Actually, even in pickup groups I have had good experiences with loot. The way I do it is just tell the group before instancing: "Hey, right now I am looking for Leather Armor with Agility buffs, and Daggers. If any of those drops, please do not roll for them" at which point everyone else declares what they are looking for in the instance. If there is a specific item I am looking for in there, I will even mention that as well. If anyone in the group disagrees to that, I either quit the group and find another, or I see if everyone else in the group is mature enough to kick that immature player out. I have no time to waste in instances with a loot-hungry group that will dive on every sparkling corpse only to grab the only item I came to the instance for when they can't even use it. Declaring my intent before hand has never given me any problems, and it is a good way to show the pickup group that I am a mature player and that I will respect them for items they will need as well. It is also, as mentioned before, a really good way to weed out the immature players so you don't end up getting your drops ganked.
As far as pickup groups not being able to take larger mobs, that is why I try my best to dictate the roles of each person in the group before hand as well. If you give a player their primary focus in the instance, and then maybe some individual task for a unique type of mob, they do their jobs much more efficiently, and don't get overwhelmed with things to do, only to end up just using their solo technique they are used to. Giving them a clear plan like "Your pet is going to be the tank, don't worry if he isn't doing a lot of damage, just make sure he aggros as many enemies onto him as possible so we can damage them" allows them to focus their ability on holding aggro, while we all perform our roles, be it healing, damage, debuffs, or catching runners.

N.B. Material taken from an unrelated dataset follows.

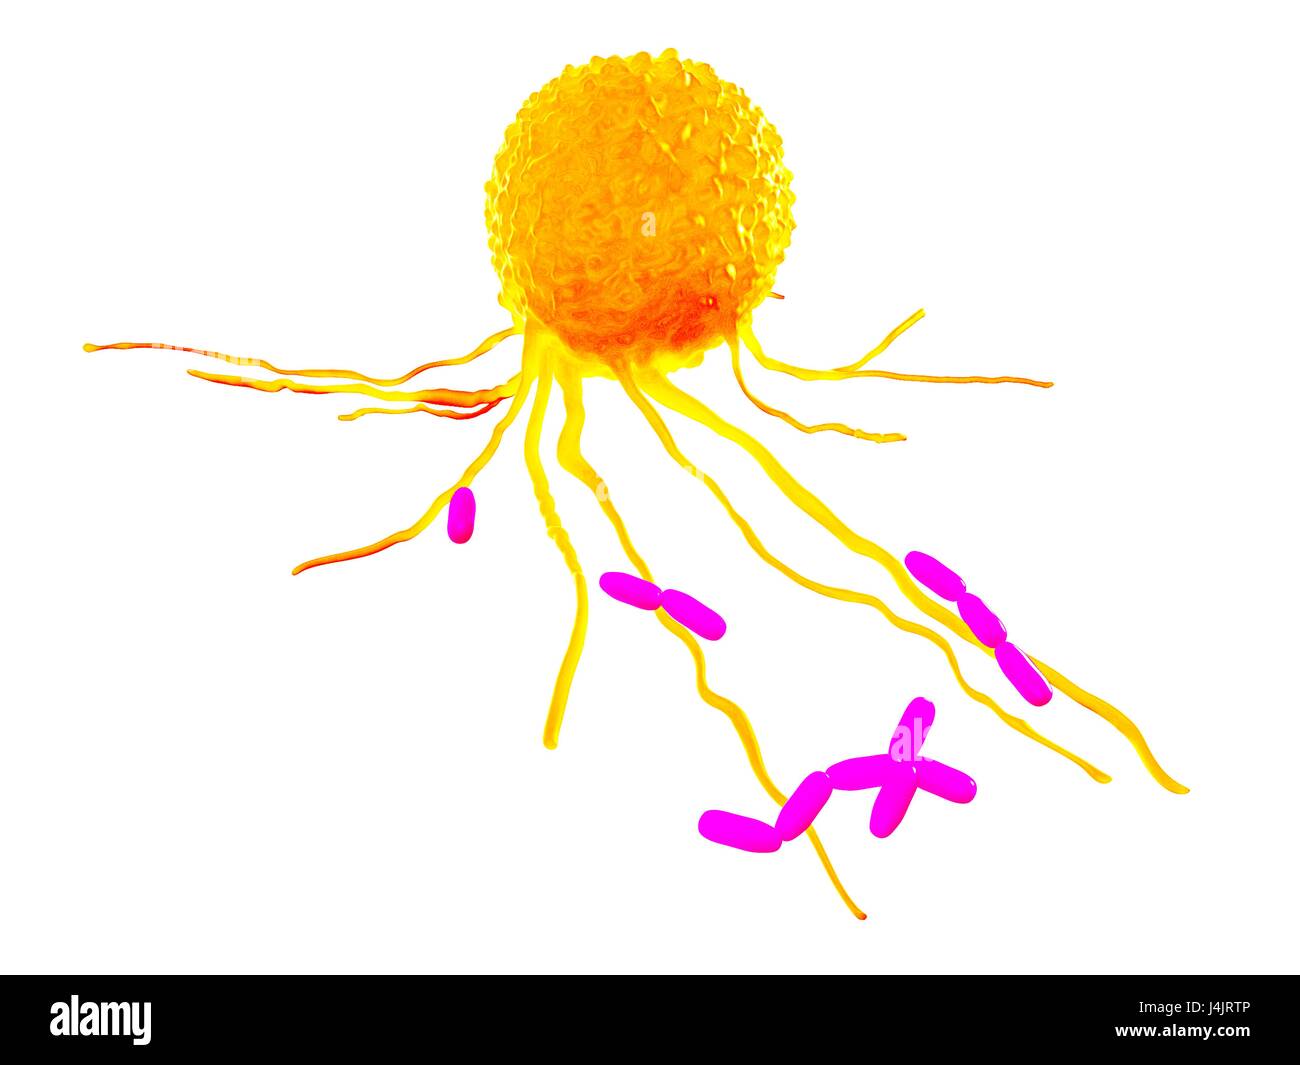 Leucocyte, illustration. Stock Photo

The best example I have of this was the plan I came up with for my group in Gnomeregan. Anyone who has fought Thermaplug in that instance knows he is a bitch of an enemy to fight. I gave my entire group (only 4 people) their tasks and we beat the guy time and time again without issue, when it was only 1 and a half people (me and a VoidWalker) damaging him. Normally people would think "No way ! That would take too long and you would get smoked !" but what I did is told our hunter to just kill every one of those bombs he saw, to keep them off me and the voidwalker... with his range on his gun, and his pet across the room, he could take them all out without issue long before they got to me. Our Paladin, instead of fighting, was dedicated to healing. That is all he did was watch everyone's health and heal who needed it. The Warlock only had to make sure his VoidWalker was keeping the boss's aggro and keep his demon from dying, while running around the room pushing all those buttons. And me, the rogue, was tasked solely with doing as much damage to Thermaplugg as possible, and stunning him often enough to keep the Voidwalker alive. I don't think anyone in our group ever got below half health, and Thermaplugg was slain every time... because everyone knew their role, and stuck strictly to it.
Much like in football, if everyone just lined up at the line and did whatever they felt they could to win that down, the game would never go anywhere since people don't have their roles, and the organized team will whip the crap out of them every time.